The chemical equation:
[tex]2\text{HCl}\to H_2+Cl_2.[/tex]
And the concentrations of hydrogen chloride:
[tex]M_{HCl}=\frac{2\text{ mol HCl}}{1\text{ L}}=2M_{HCl}.[/tex]
We do an ICE chart:
[tex]K=\frac{x^2}{(2-2x)}=3.2\cdot10^{-34}[/tex]
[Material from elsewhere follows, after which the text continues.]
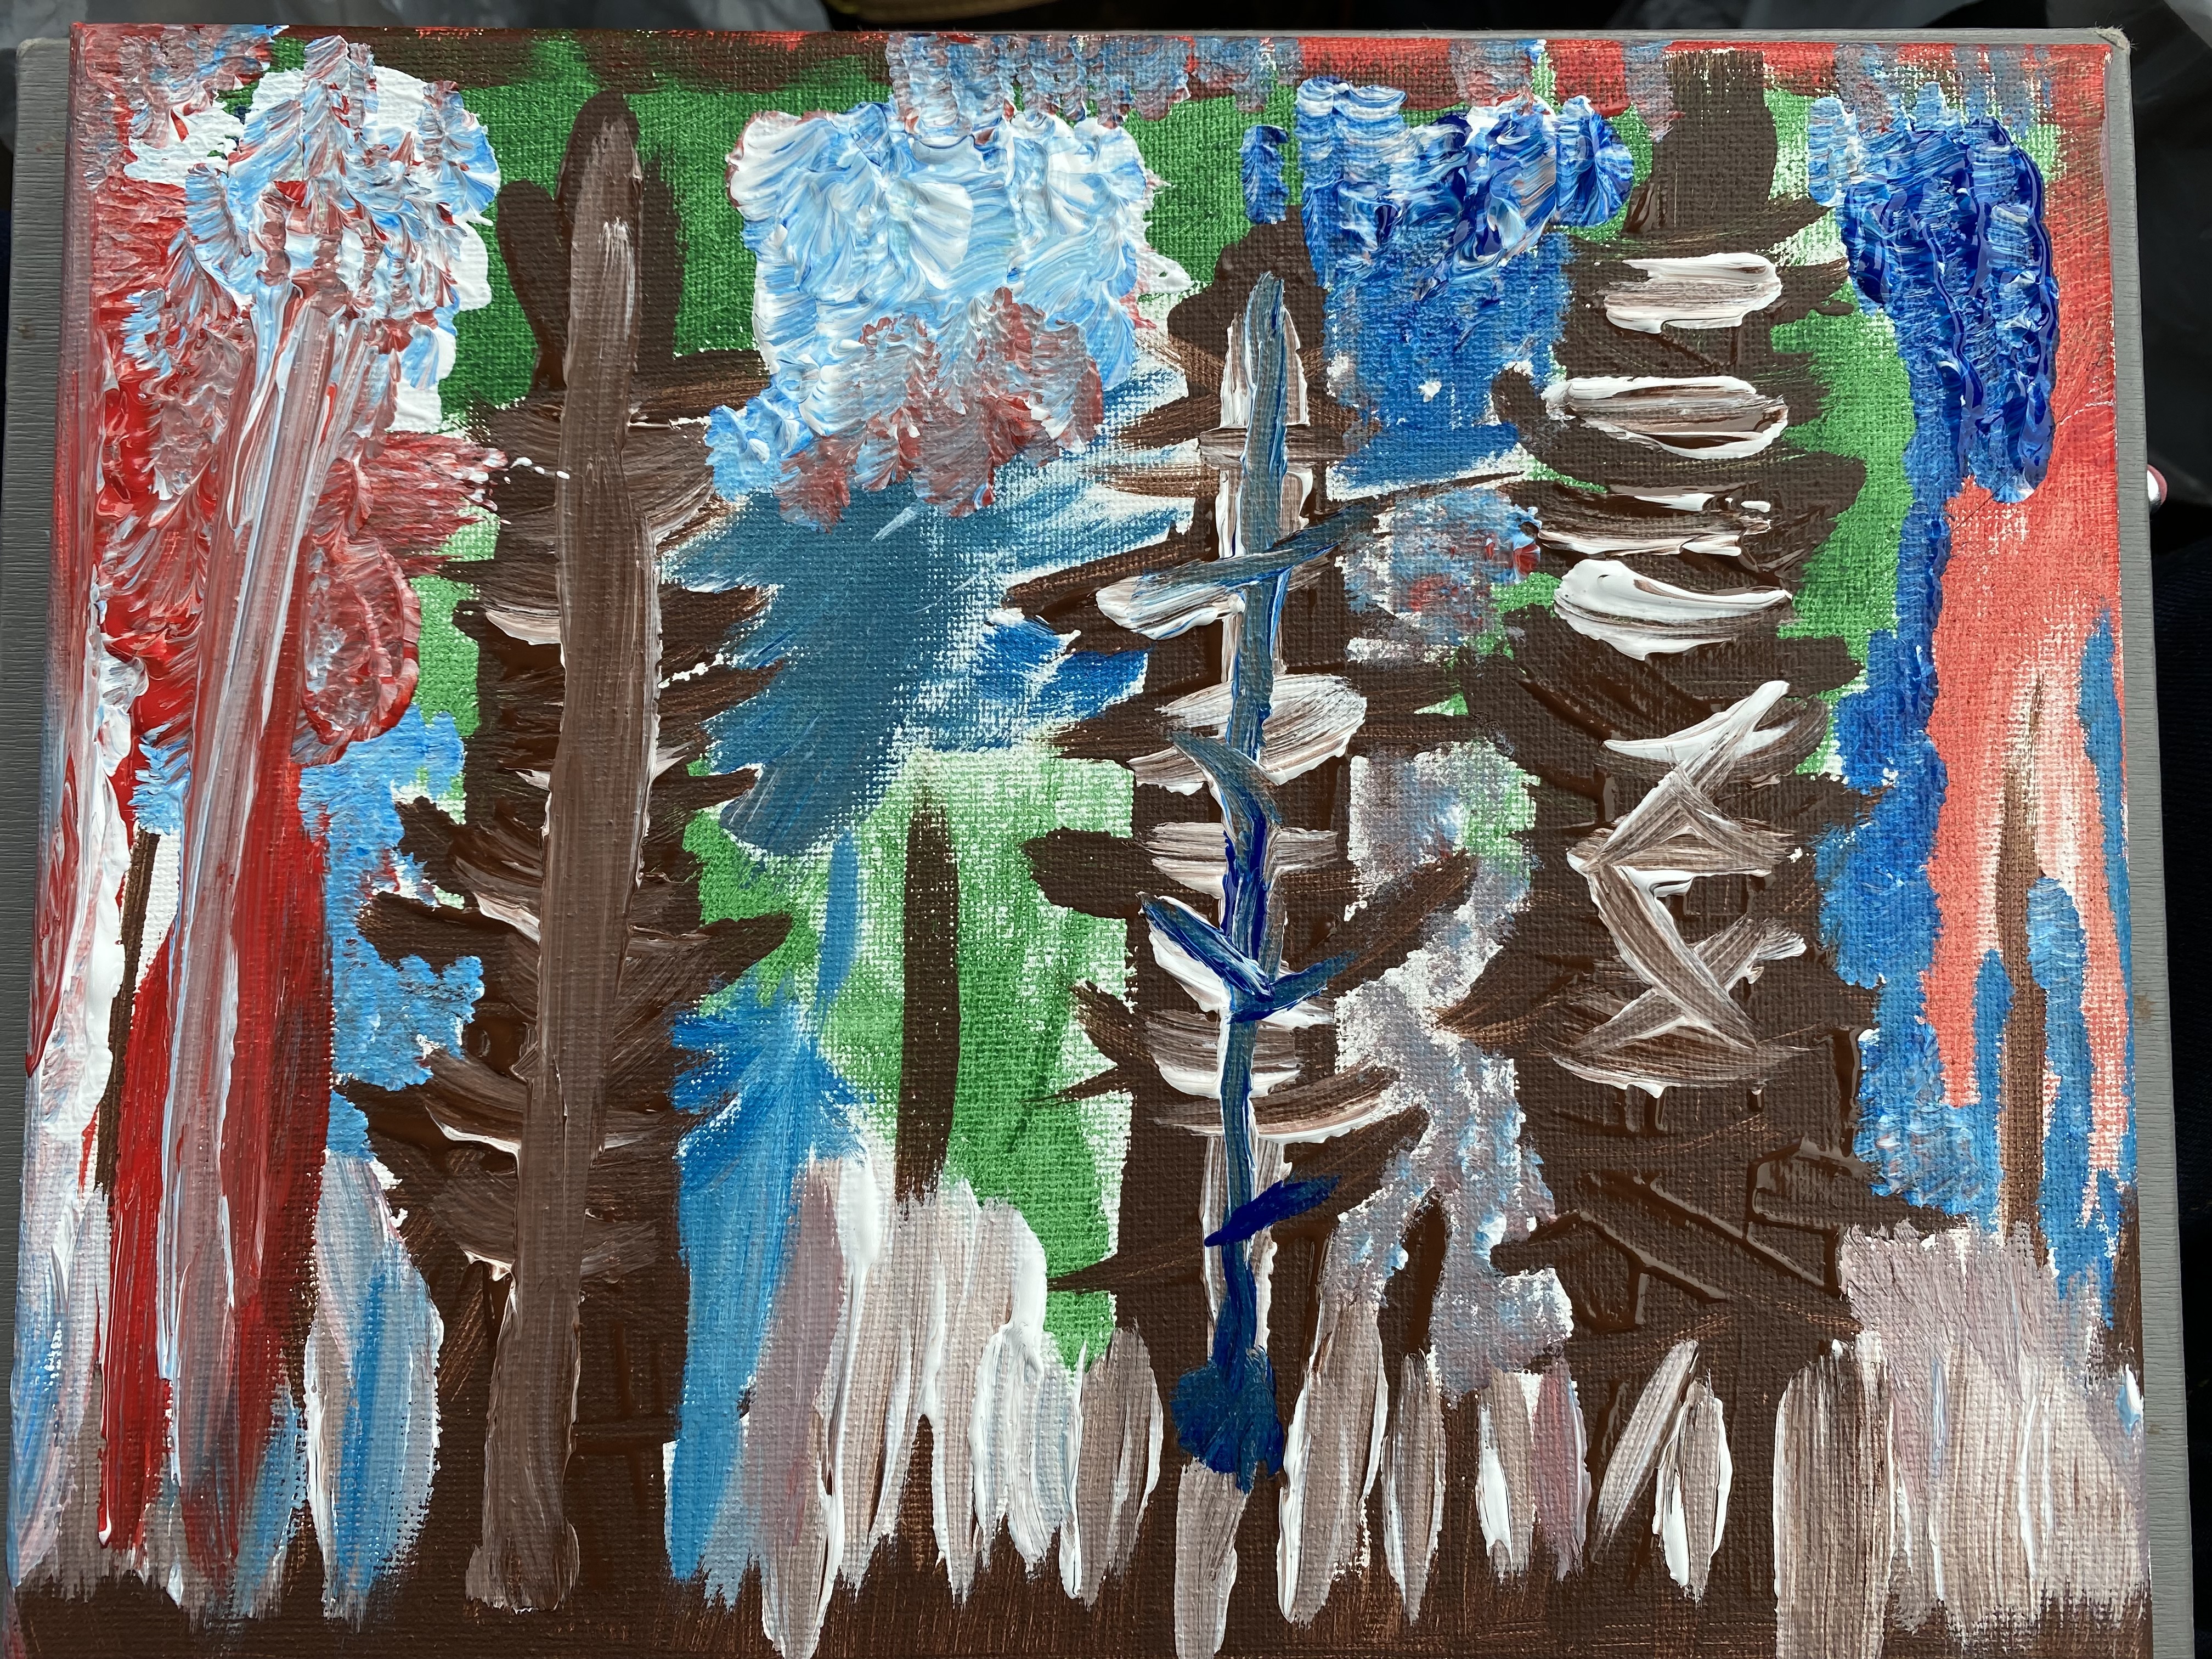 small painting made with acrylic paints, composition contains three trees. the painting has hues of green, brown, white, light blue, brilliant blue, and red.

Doing the calculations in a software, we obtain that x is:
[tex]x=\pm2.5982\cdot10^{-17}.[/tex]
Using the positive result, we obtain that:
[tex]\lbrack HCl\rbrack^2=2-2x=2-2(2.5982\cdot10^{-17})\text{.}[/tex][tex]\lbrack HCl\rbrack=\sqrt[]{2}\approx1.41\text{ M}[/tex][tex]\lbrack H_2\rbrack=\lbrack Cl_2\rbrack=x=2.5982\cdot10^{-17}.[/tex]
These results is tellinig us that the direction of the equilibrium in the reaction goes like this:
[tex]K=\frac{\lbrack HCl\rbrack^2}{\lbrack H_2\rbrack\lbrack Cl_2\rbrack}=\frac{2}{(\text{2}.5982\cdot10^{-17})^2}\approx2.963\cdot10^{33}.[/tex]
When K > 0, the direction goes to the right: to the products.